The file photo shows Turkish-backed Syrian militants in Idlib, Syria.

United Nations (UN) Special Envoy for Syria Geir Pedersen says militants from the Arab country are being sent to Libya to fight on both sides of the conflict there.

“Let us… remember that Syria’s instability reverberates elsewhere, too — including as far as Libya, given reports of fighters being recruited in Syria in large numbers and sent to fight on both sides of that conflict,” Pedersen said in an online UN Security Council meeting on Monday, Russia’s TASS reported.

For the past six years, Libya has been split between two rival camps, namely the UN-recognized government, and another camp based in the eastern city of Tobruk, supported militarily by rebel forces under the command of a military strongman named Khalifa Haftar.

Haftar is supported by the UAE, Egypt, and Jordan, and launched a deadly offensive to capture Tripoli, the seat of the government, in April last year. His forces haven’t been able to advance past the city’s outskirts.

Turkey has previously been reported to recruit and dispatch allied militants from Syria to fight on behalf of the Libyan government.Turkish President Recep Tayyip Erdogan has confirmed the presence of those militants in Libya.

Last week, the so-called Syrian Observatory for Human Rights said Turkey-backed militant groups in Syria had sent teenage militants to Libya.

Libyan army defeats rebels near Tunisia border

On Tuesday, the Libyan army announced that it had retaken two towns from the rebels under Haftar’s command near the Tunisian border.

According to a Libyan army statement carried by Turkey’s state Anadolu news agency, the towns of Badr and Tij were liberated.

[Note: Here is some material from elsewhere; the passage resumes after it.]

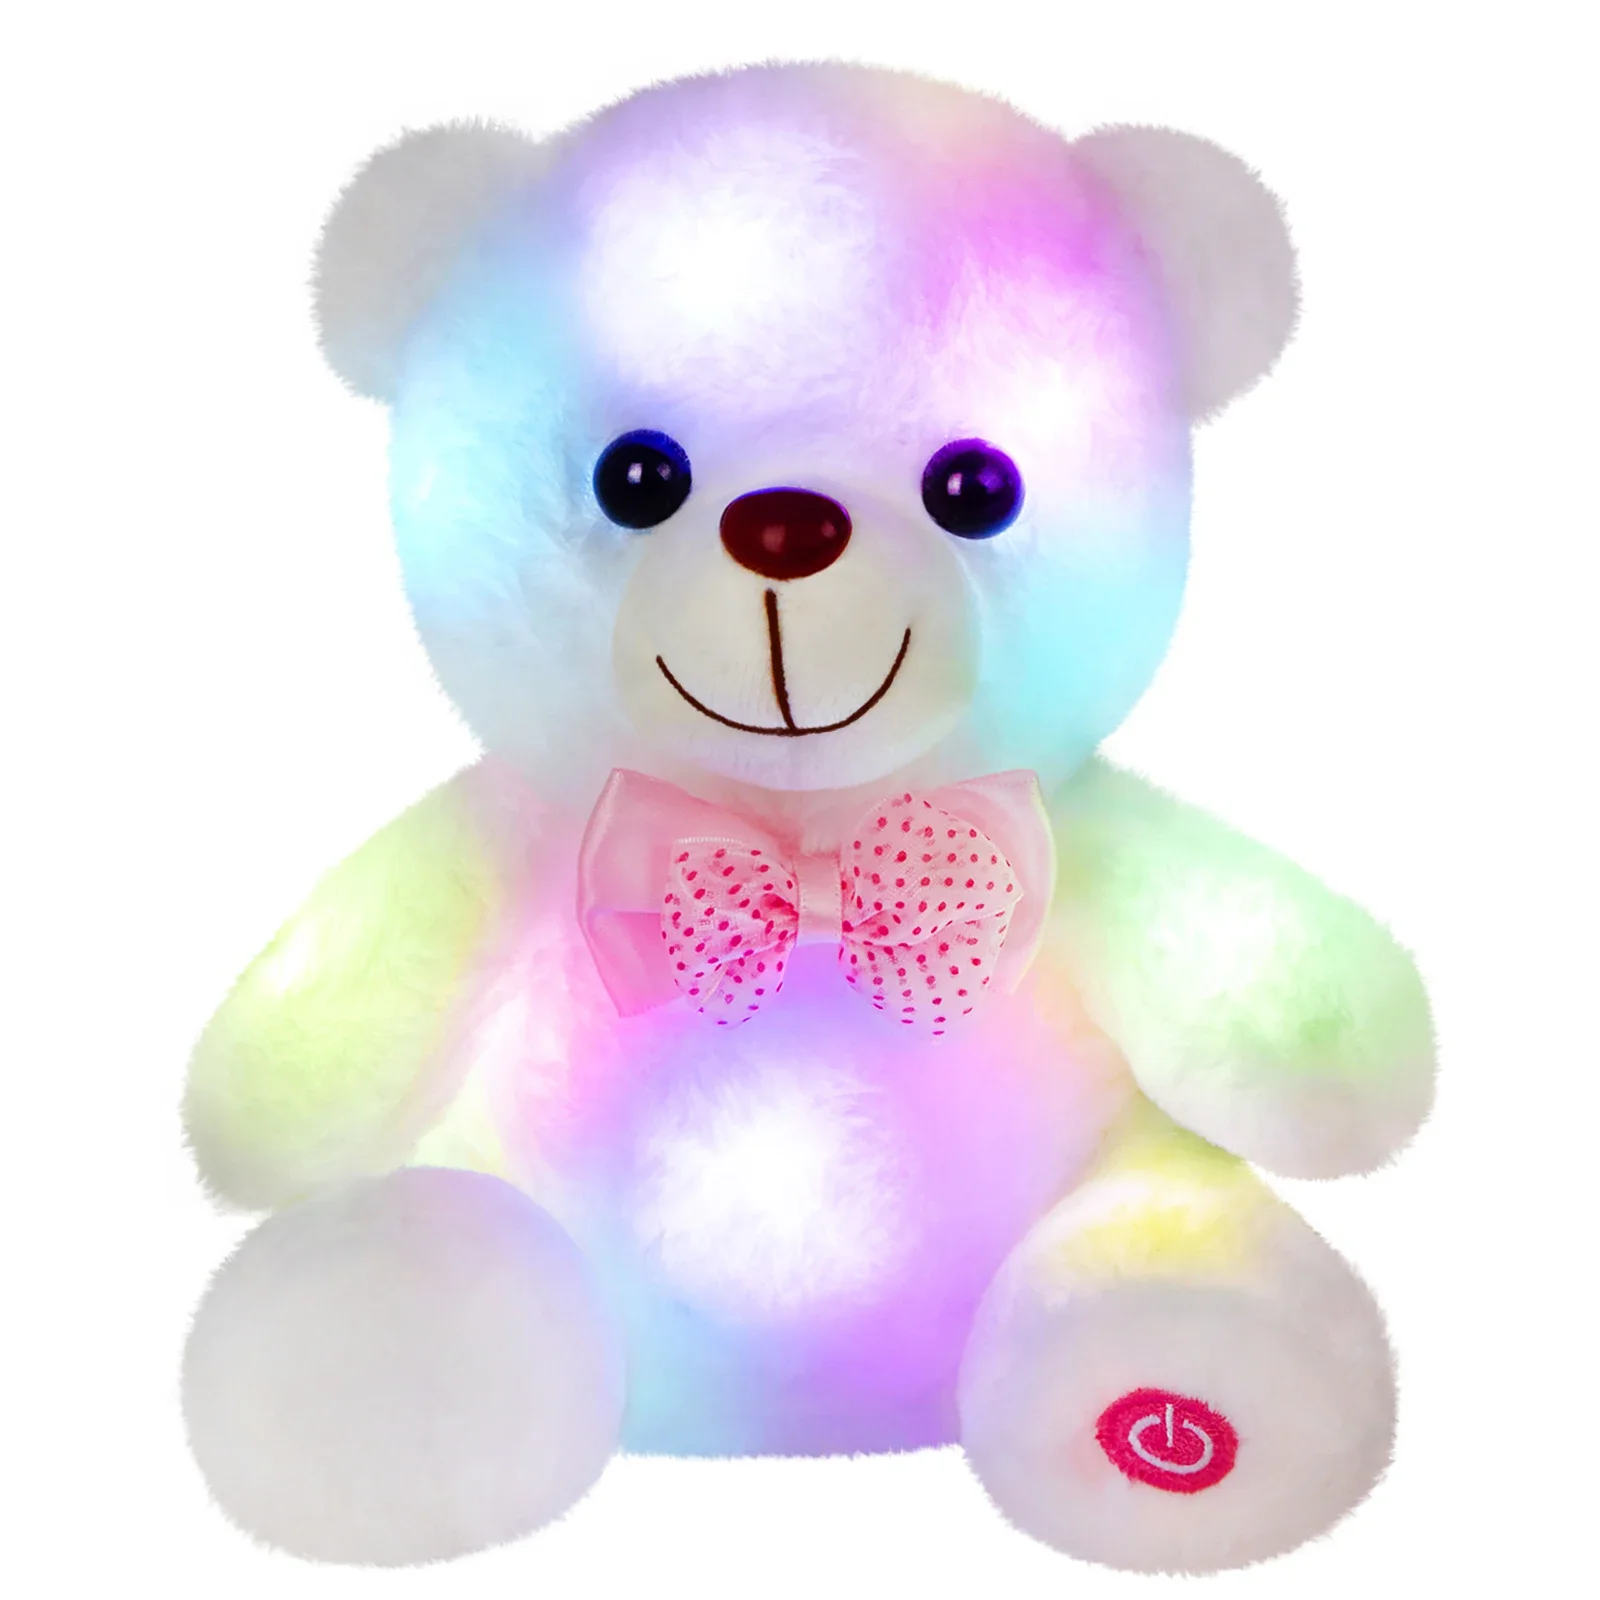 White Bear LED Light Plush Animals Easy to Clean High Quality 20cm Kawaii Doll Stuffed Toys for Girls Bed Sleeping Throw Pillows mini pressure nano spray face steamer red light therapy oxygen injection nail art tattoo makeup nano mist sprayer facial clean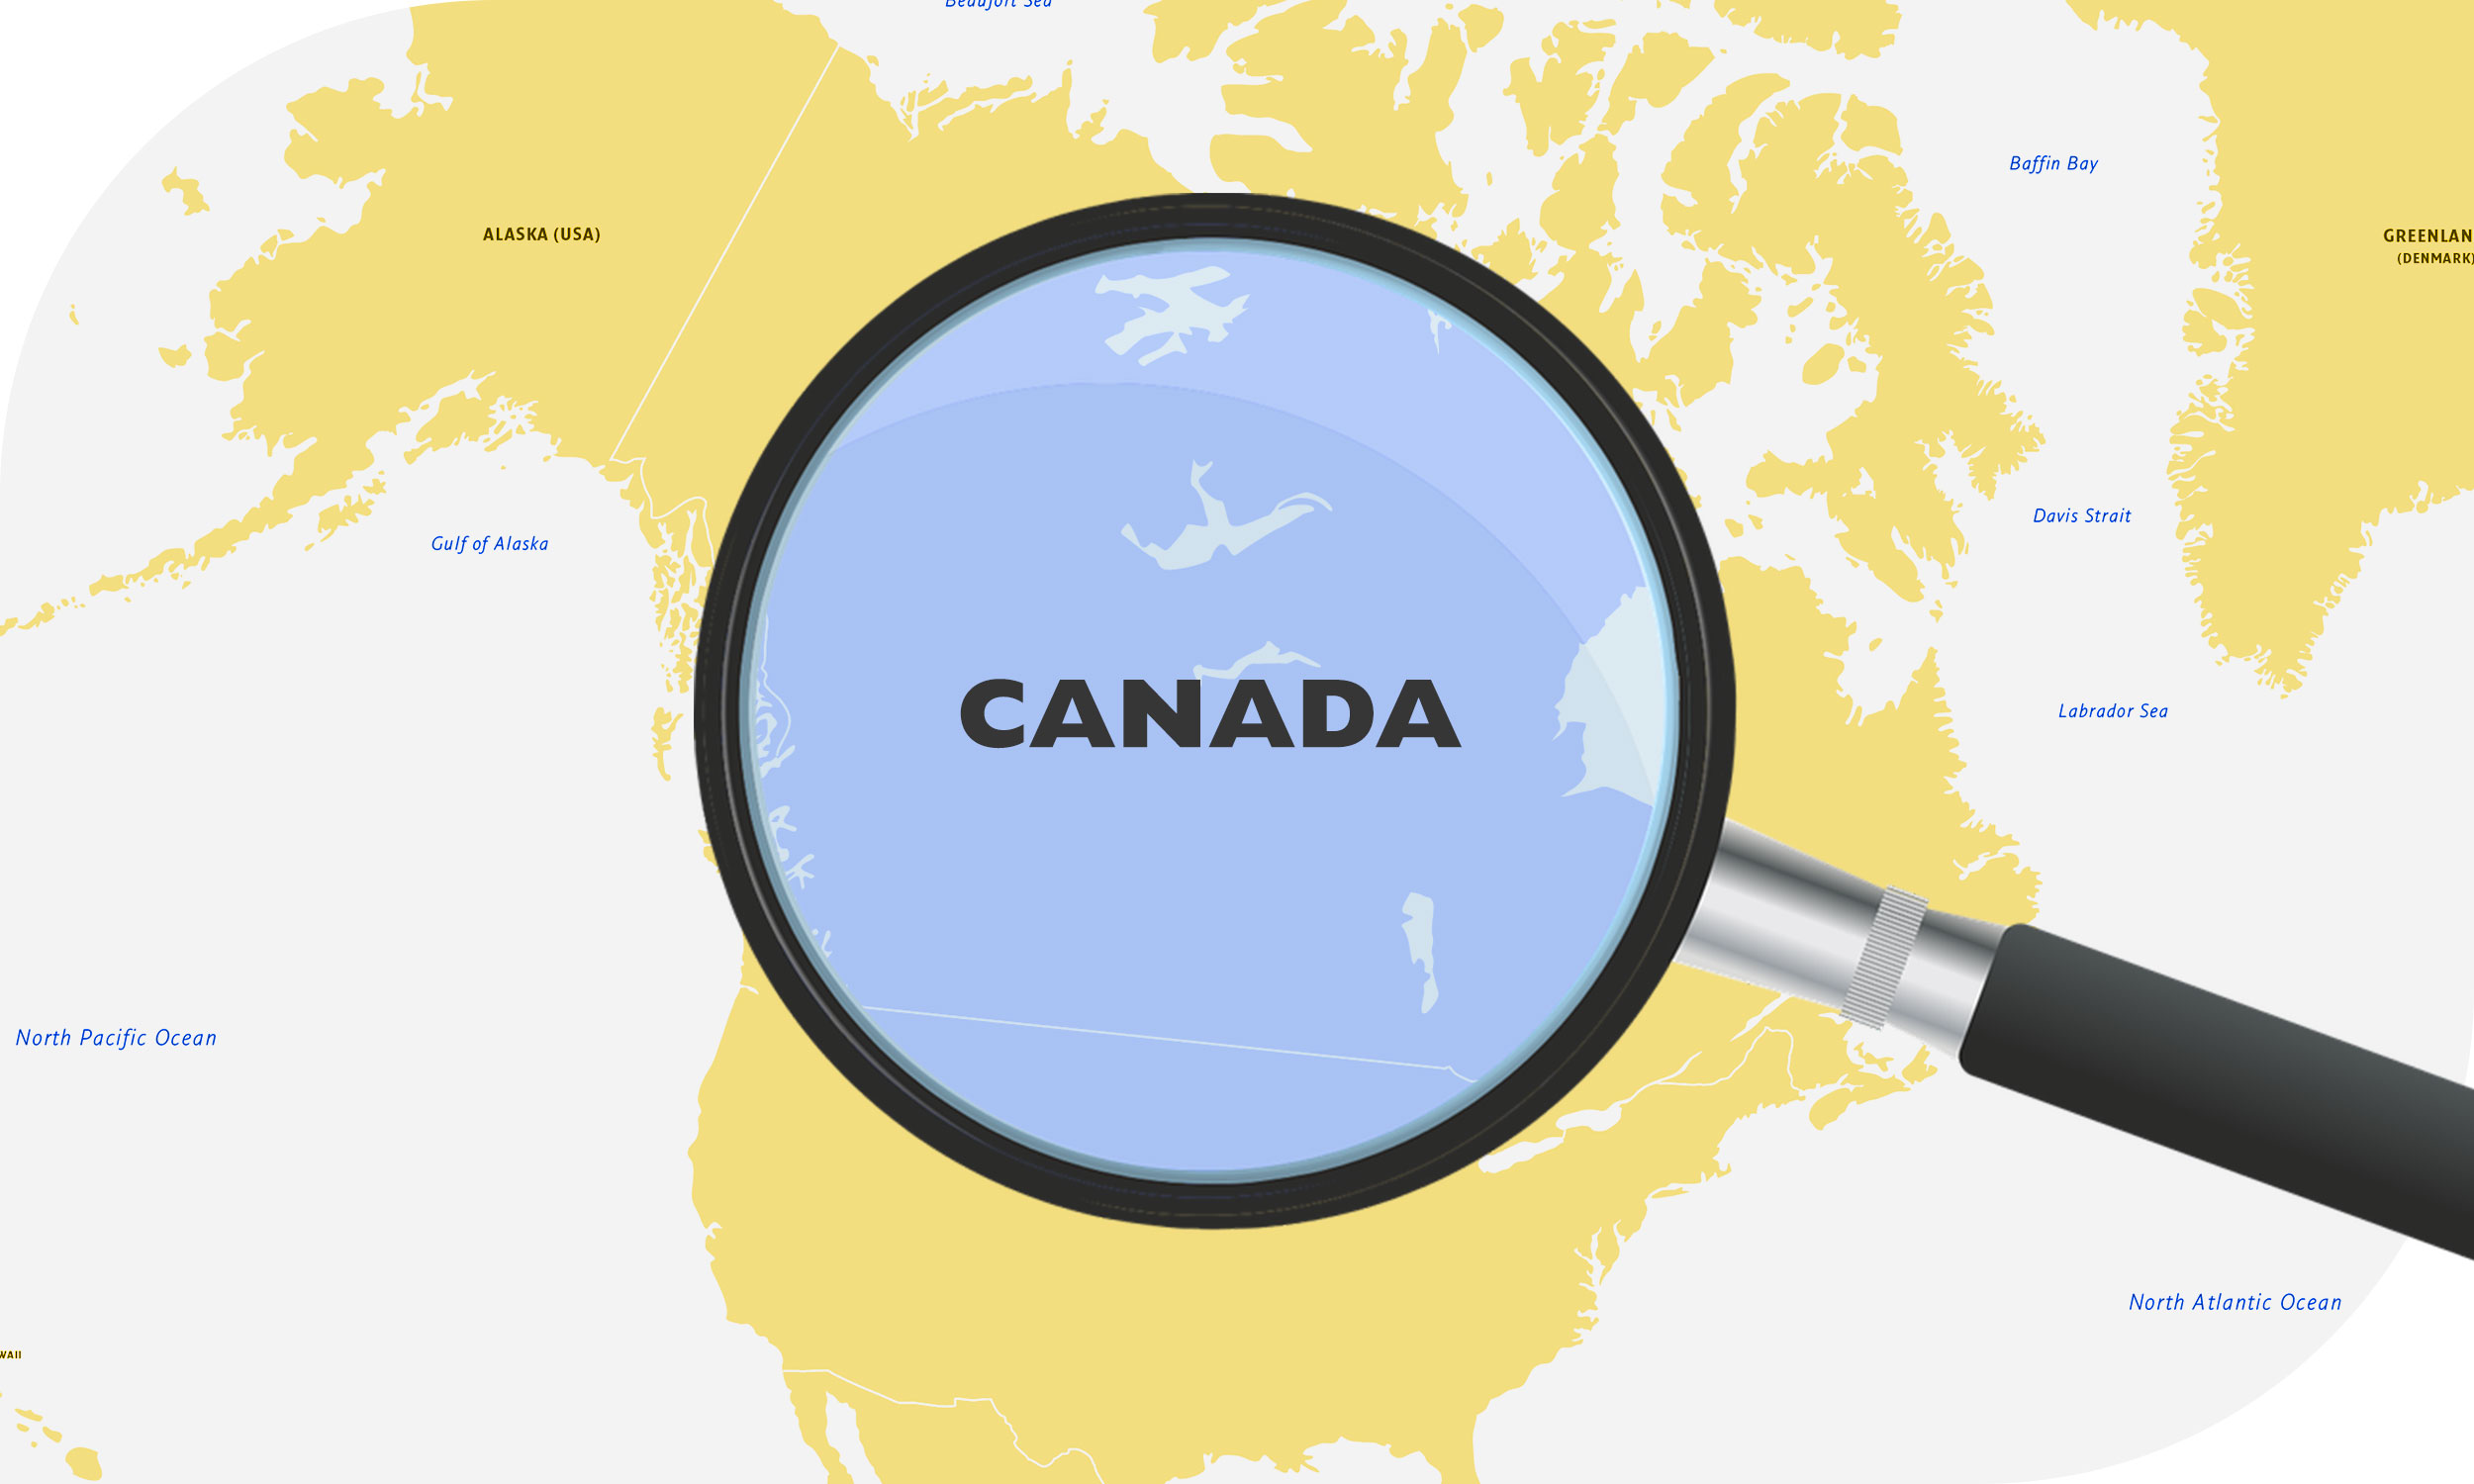 Map of North American shipping destinations zoomed in on Canada

Footage from local media also showed Libyan military vehicles purportedly entering Badr.

A day earlier, government forces had retaken the strategic al-Watiya airbase, south of Tripoli.

Watiya was seized by Haftar’s rebels in August 2014 and had been used as the strongman’s headquarters ever since.

Libya plunged into chaos in 2011 when a popular uprising and a NATO intervention led to the ouster of long-time dictator Muammar Gaddafi.